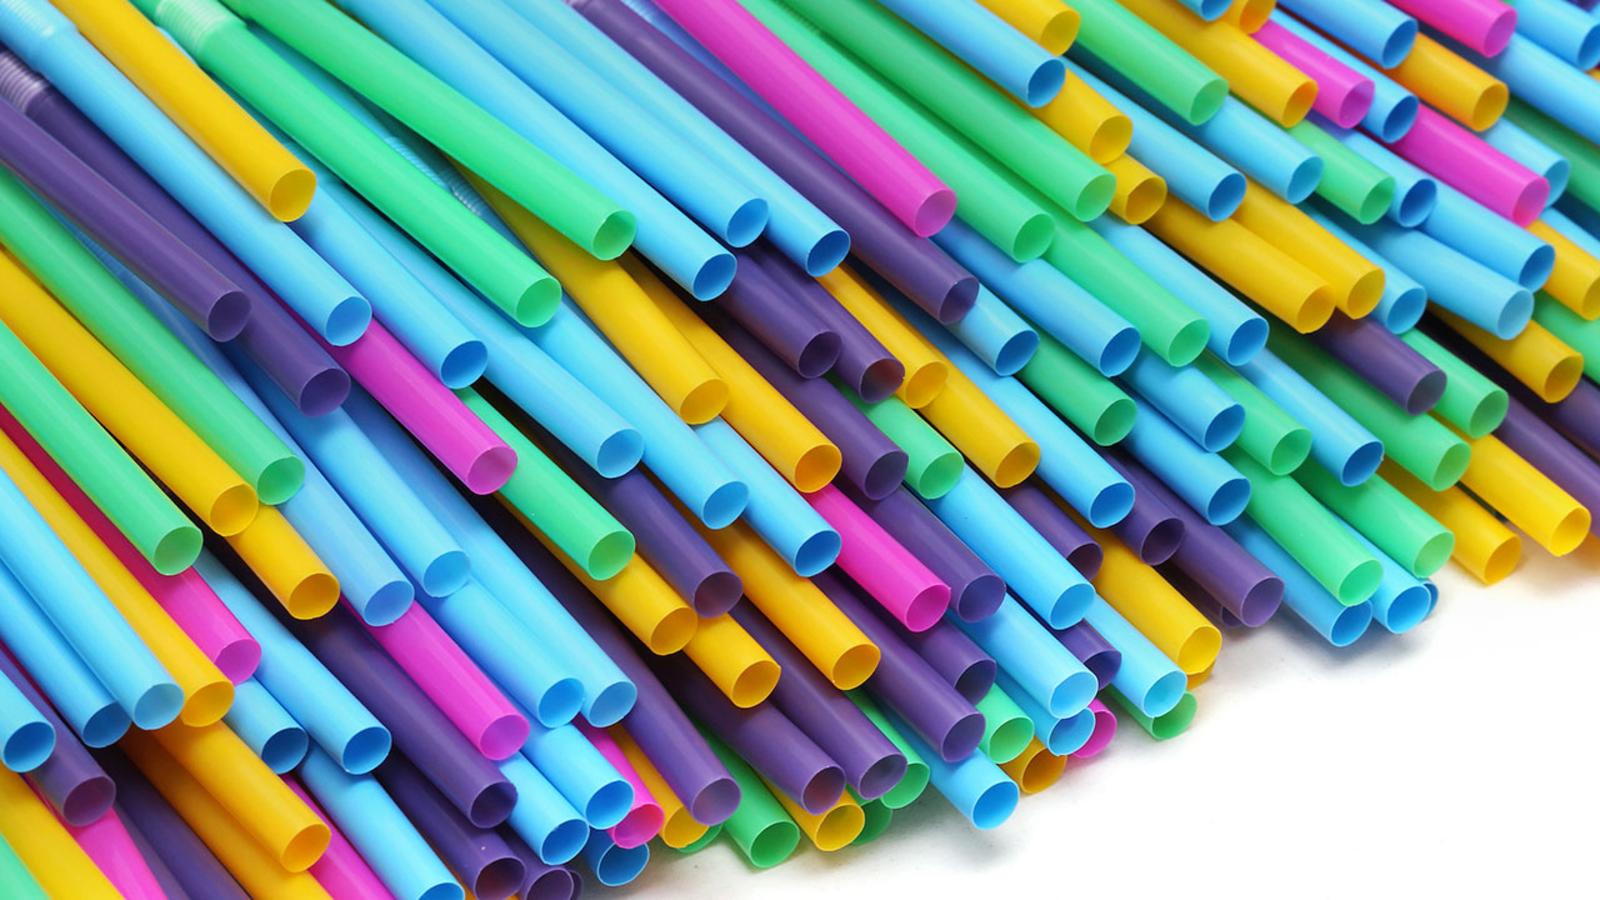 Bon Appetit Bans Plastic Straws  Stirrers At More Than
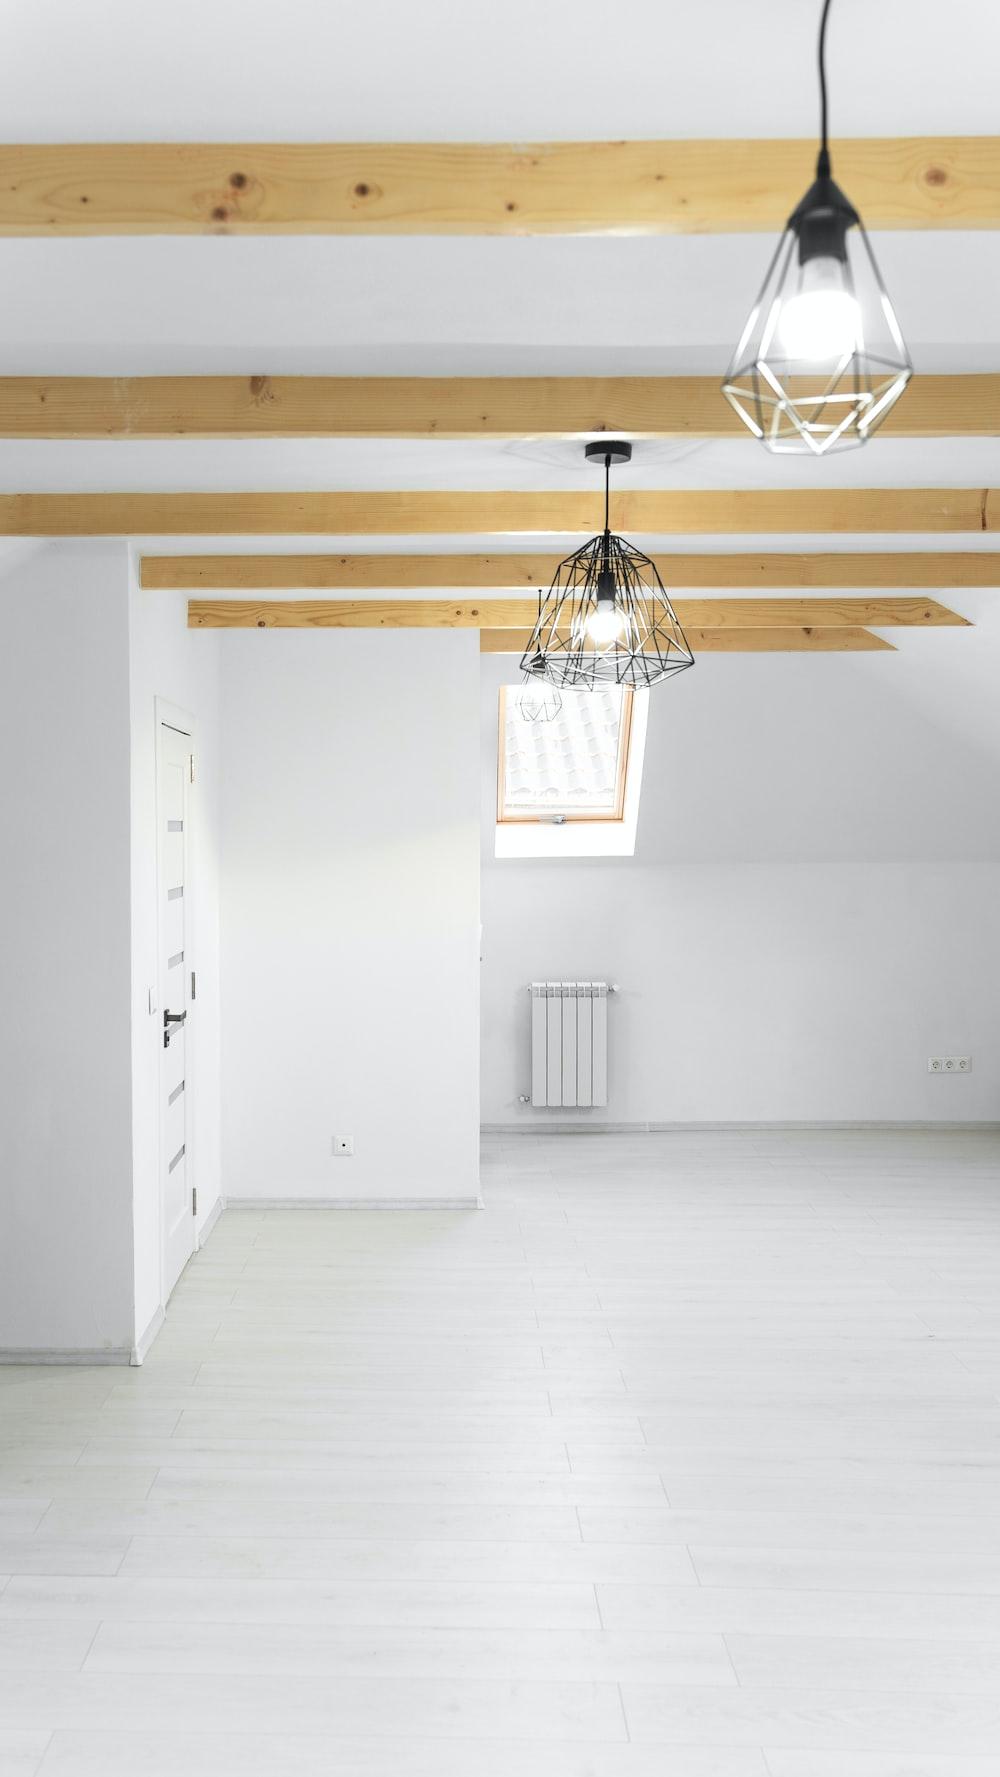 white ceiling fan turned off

---

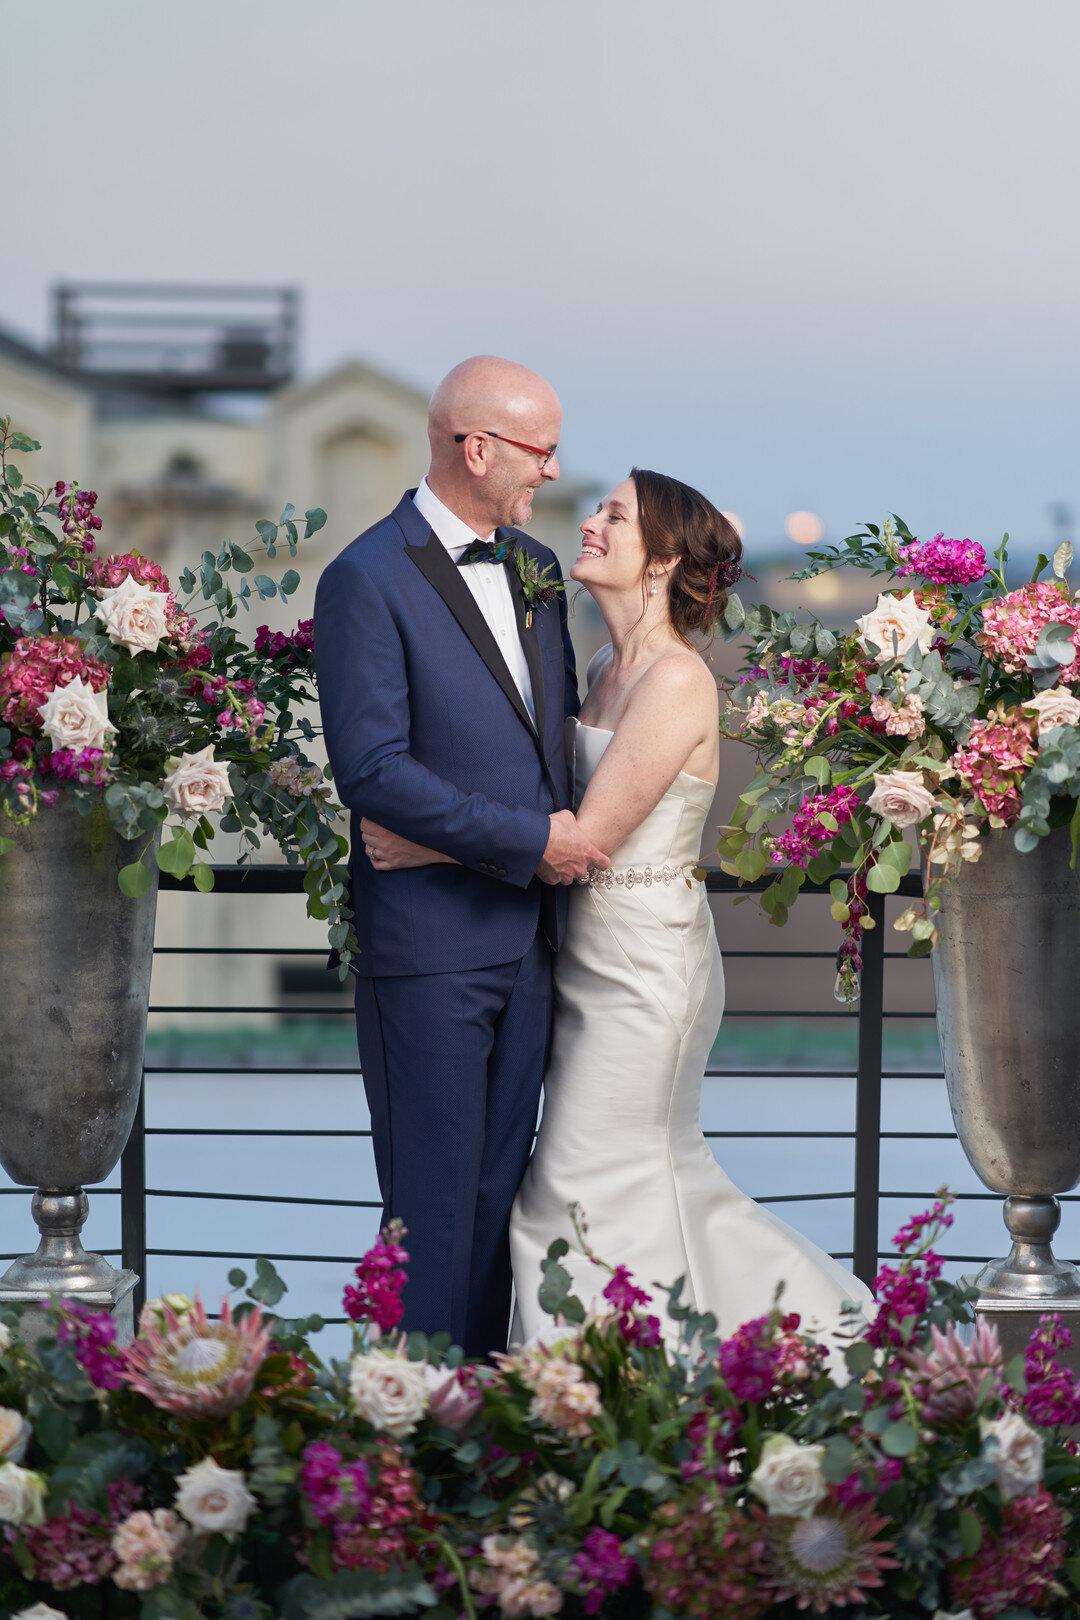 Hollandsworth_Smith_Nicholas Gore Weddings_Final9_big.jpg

==

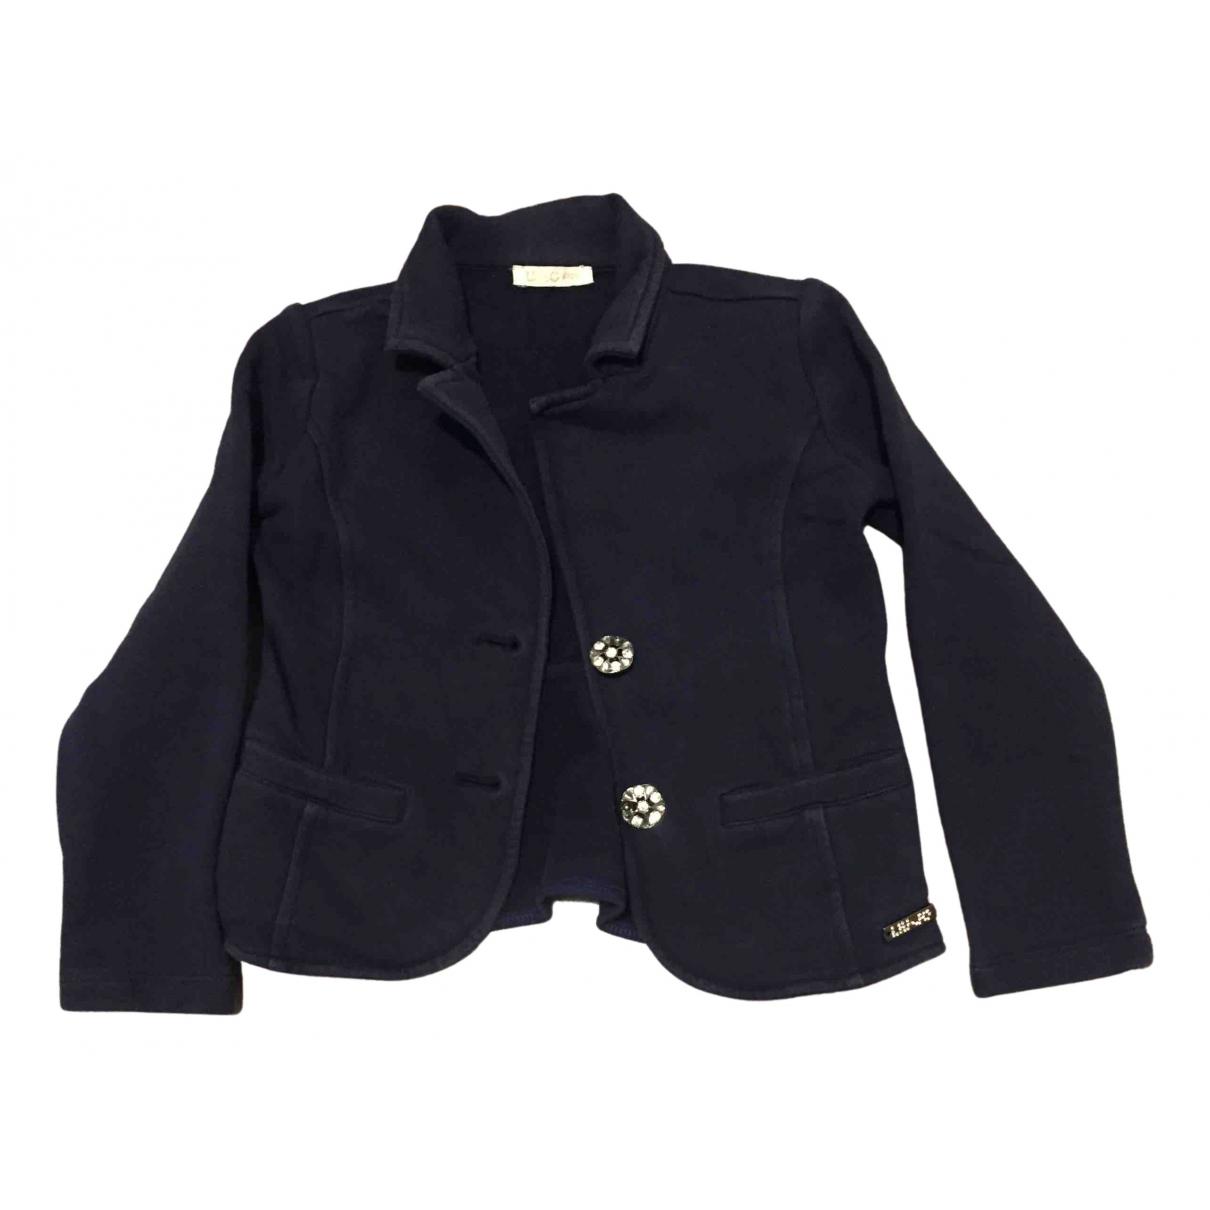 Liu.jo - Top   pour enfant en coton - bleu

- **Exercise description**:
With the pictures left out, write out exactly the lines above from the one containing "Bon Appetit Bans" through the one containing "white ceiling fan turned off".

- **Your solution**:
 Bon Appetit Bans Plastic Straws  Stirrers At More Than
 white ceiling fan turned off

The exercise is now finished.